= Major League Baseball on Fox Television Stations =

The following refers to the history of Major League Baseball coverage on local Fox affiliated stations as opposed to the national broadcasts on the Fox Broadcasting Company beginning in 1996.

==Fox's relationship with baseball before 1996==

KTTV 11, which has been Fox's owned-and-operated station in Los Angeles, California since the network's launch in 1986, carried Los Angeles Dodgers baseball games since the team's move from Brooklyn, New York in 1958 (with exception of a brief pause from 1993 to 1995). The station aired road games beginning in the late 1970s with the home games on the subscription/pay-per-view service Dodgervision; these road games aired on the station until 1992, when KTLA began airing the road games beginning with the 1993 season.

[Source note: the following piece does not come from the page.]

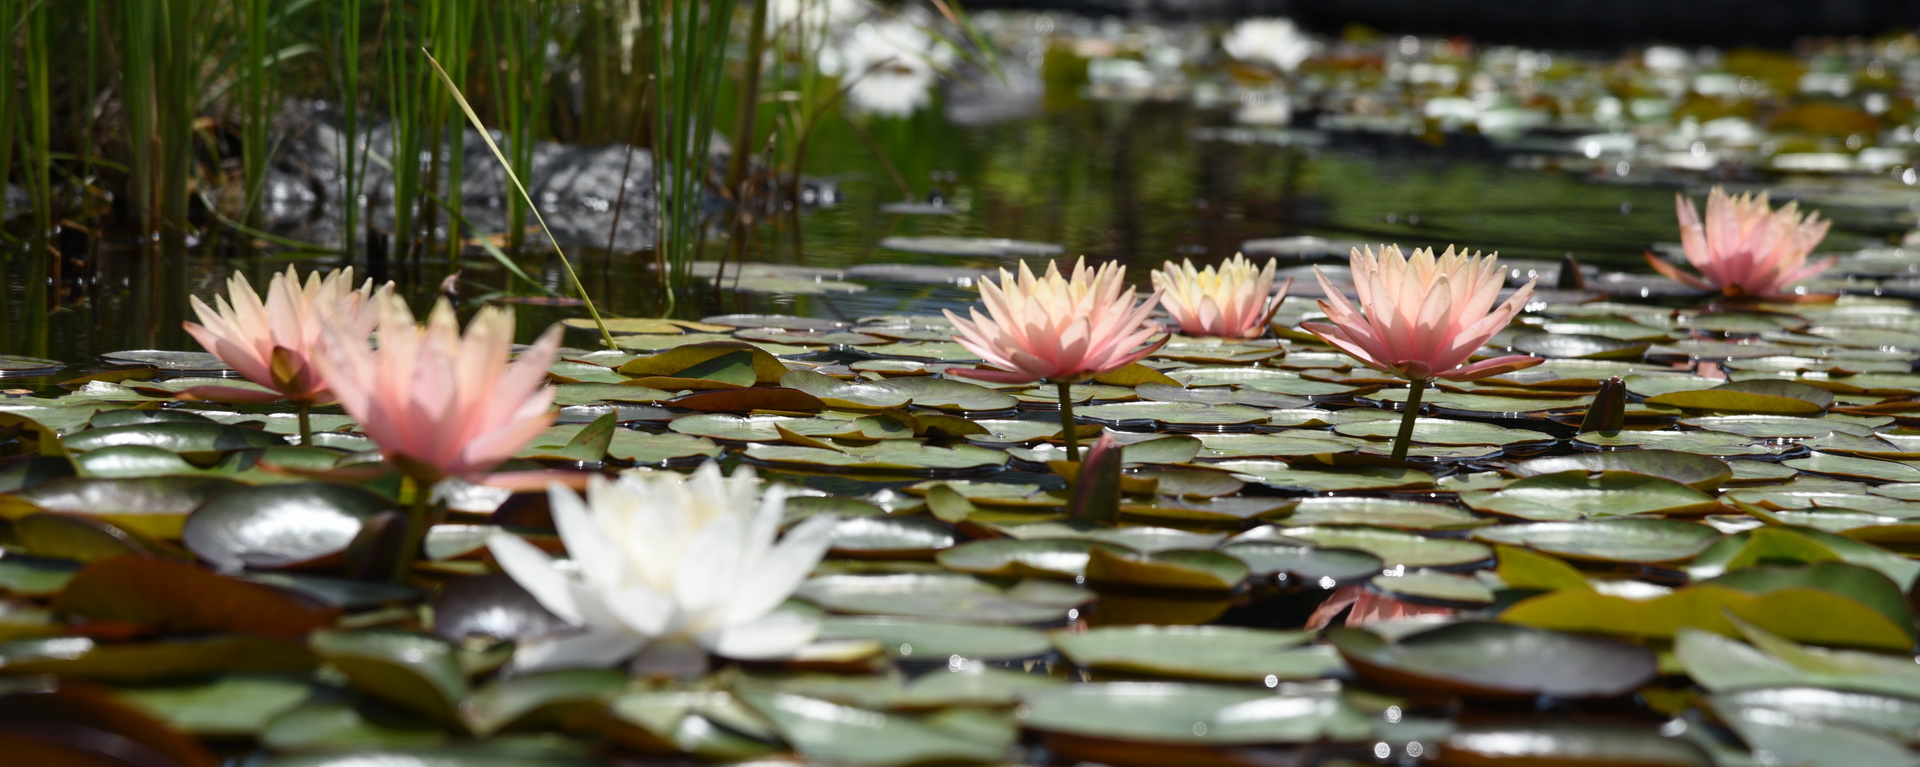 lily pond flowers

Fox's owned-and-operated Chicago affiliate, WFLD 32 acquired the rights to broadcast Major League Baseball games from the Chicago White Sox in 1968, assuming the contract from WGN-TV. Under the initial deal, WFLD carried White Sox games until 1972, when the team returned to WGN through a joint arrangement with WSNS-TV that lasted through the 1980 season and exclusively during the 1981 season; WFLD reassumed Sox game rights in 1982, carrying most of the team's non-cable games. In October 1988, the station filed a lawsuit against the White Sox club to terminate its television contract with the team, which was set to last through 1991, accusing team owners Jerry Reinsdorf and Eddie Einhorn of "gutting and stripmining the[...] team of salary investment, player quality and fan goodwill", which resulted in a decline in viewership for the games and profit losses for the station on the contract (WFLD's profits from the telecasts slid from $1.5 million profit in 1985 to a loss of $1.4 million in 1988, resulting in the rights fees costing four times more than the accrued revenue; ratings during that three-year period also dropped from a 5.1 share in 1985 to a 1.7 in August 1988) as well as breached advertising agreements with the Chicagoland Dodge Dealers consortium. Following an out-of-court settlement between WFLD station management and the Sox, on September 14, 1989, the White Sox announced that it would move its local television broadcasts back to WGN-TV beginning with the 1990 season.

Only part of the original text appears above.